Изменить стиль страницы

Дочь Таню отдали в художественную школу.

5 октября Толстой пишет в дневнике: «Прошел месяц — самый мучительный в моей жизни. Переезд в Москву. — Всё устраиваются. Когда же начнут жить? Всё не для того, чтобы жить, а для того, что так люди. Несчастные! И нет жизни.

Вонь, камни, роскошь, нищета. Разврат. Собрались злодеи, ограбившие народ, набрали солдат, судей, чтобы оберегать их оргию, и пируют. Народу больше нечего делать, как, пользуясь страстями этих людей, выманивать у них назад награбленное. Мужики на это ловчее. Бабы дома, мужики трут полы и тела в банях, возят извозчиками».

Для Толстого в городе живут господа — дворяне, а еще полотеры, извозчики и банщики, ими угнетенные и обслуживающие их. Рабочих он не видит.

Лев Николаевич в это время еще раз проверял старую жизнь; по-новому встречался с Фетом, спорил с ним о христианстве, отвечал Н. Страхову по поводу «Писем о нигилизме».

Он теперь относился к старому другу иронически. Н. Страхов утверждал в это время православие, самодержавие и народность. Это была та официальная триада, на которой, как на трех китах, должна была устоять царская Россия.

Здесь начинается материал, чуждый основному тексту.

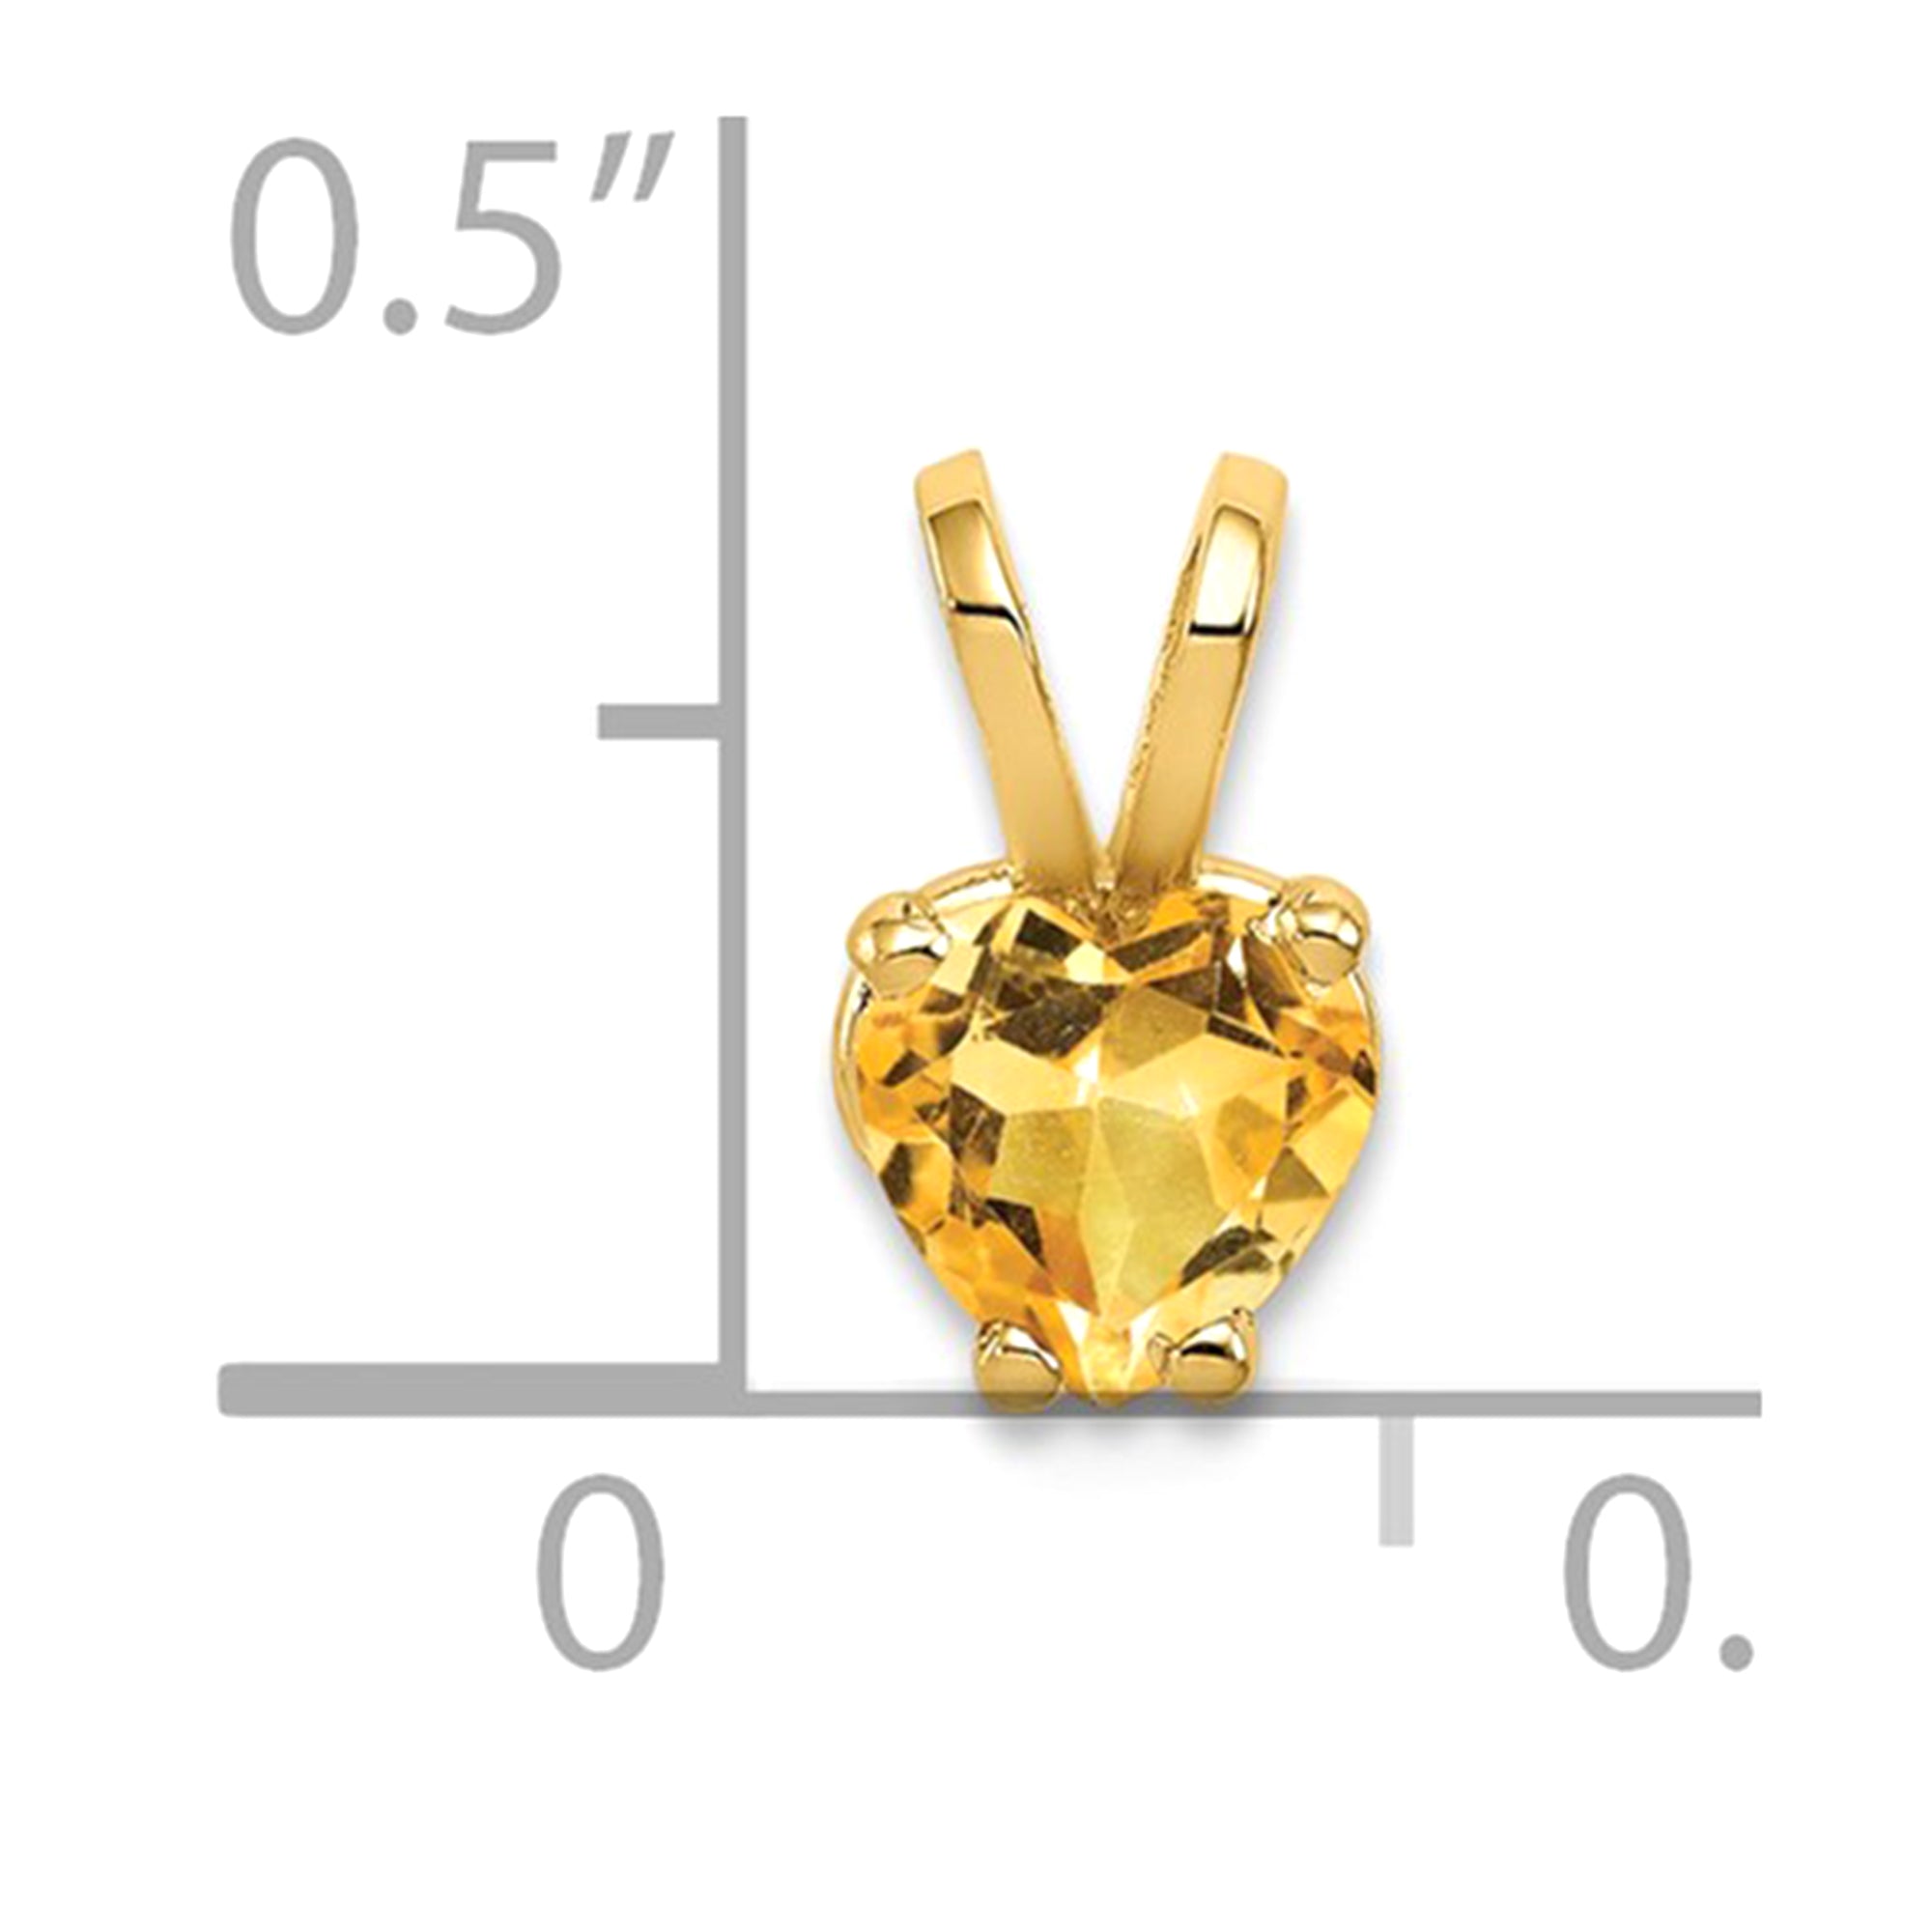 Colgante con piedra natal de corazón de oro amarillo real de 14 quilates, joyería fina de diseño para hombres y mujeres

Страхов говорил, что злодеи двадцать лет гонялись за добрым царем и убили его. Толстой писал:

«Нет злодеев, а была и есть борьба двух начал, и, разбирая борьбу с нравственной точки зрения, можно только обсуживать, какая из двух сторон более отклонялась от добра и истины; а забывать про борьбу нельзя».

Толстой выговаривал Страхову: «Ведь это так глупо, что совестно возражать. Я буду утверждать, что я знаю Страхова и его идеалы, потому что знаю, что он ходит в библиотеку каждый день и носит черную шляпу и серое пальто. И что потому идеалы Страхова суть хождение в библиотеку и серое пальто, и страховщина. Случайные две, самые внешние формы — самодержавие и православие, с прибавлением народности, которая уже ничего не значит, выставляются идеалами».

Толстой знал, что, если вдуматься, должно было бы выходить совсем обратное тому, что написано Страховым про нигилистов. «То были злодеи; а то явились те же злодеи единственными людьми верующими — ошибочно, — но все-таки единственными верующими и жертвующими жизнью плотской для небесного, т. е. бесконечного».

Так искал он правду, отвергая то, что прежде казалось приемлемым или не замечалось.

ТОЛСТОЙ И СЮТАЕВ

Толстой считал себя представителем народа, который смотрит на жизнь снизу, но смотрит правильно. Надо было найти в народе учителя. Он хотел учиться у народа. В это время многие думали, что сектантство воплощает лучшие мечты крестьянства.

О Сютаеве Толстой услышал от А. С. Пругавина — человека, специально занимающегося расколом и сектантством. Вера молокан и субботников не удовлетворила Толстого; они все время ссылались на библию, «мямлили», как характеризовал эту систему мышления Толстой.

Он искал главным образом не религии, а этики. Ее он надеялся найти у крестьян, но не зараженных буквальным пониманием библии и евангелия.

Весть о Сютаеве Толстого обрадовала.

Вот что Пругавин рассказал о Сютаеве. Сютаев и сын его отказались от военной службы и после тюремного заключения, вернувшись в деревню, опять крестьянствовали.

Лев Николаевич в 1881 году поздней осенью поехал в Торжок — маленький город недалеко от Твери — к Сютаеву.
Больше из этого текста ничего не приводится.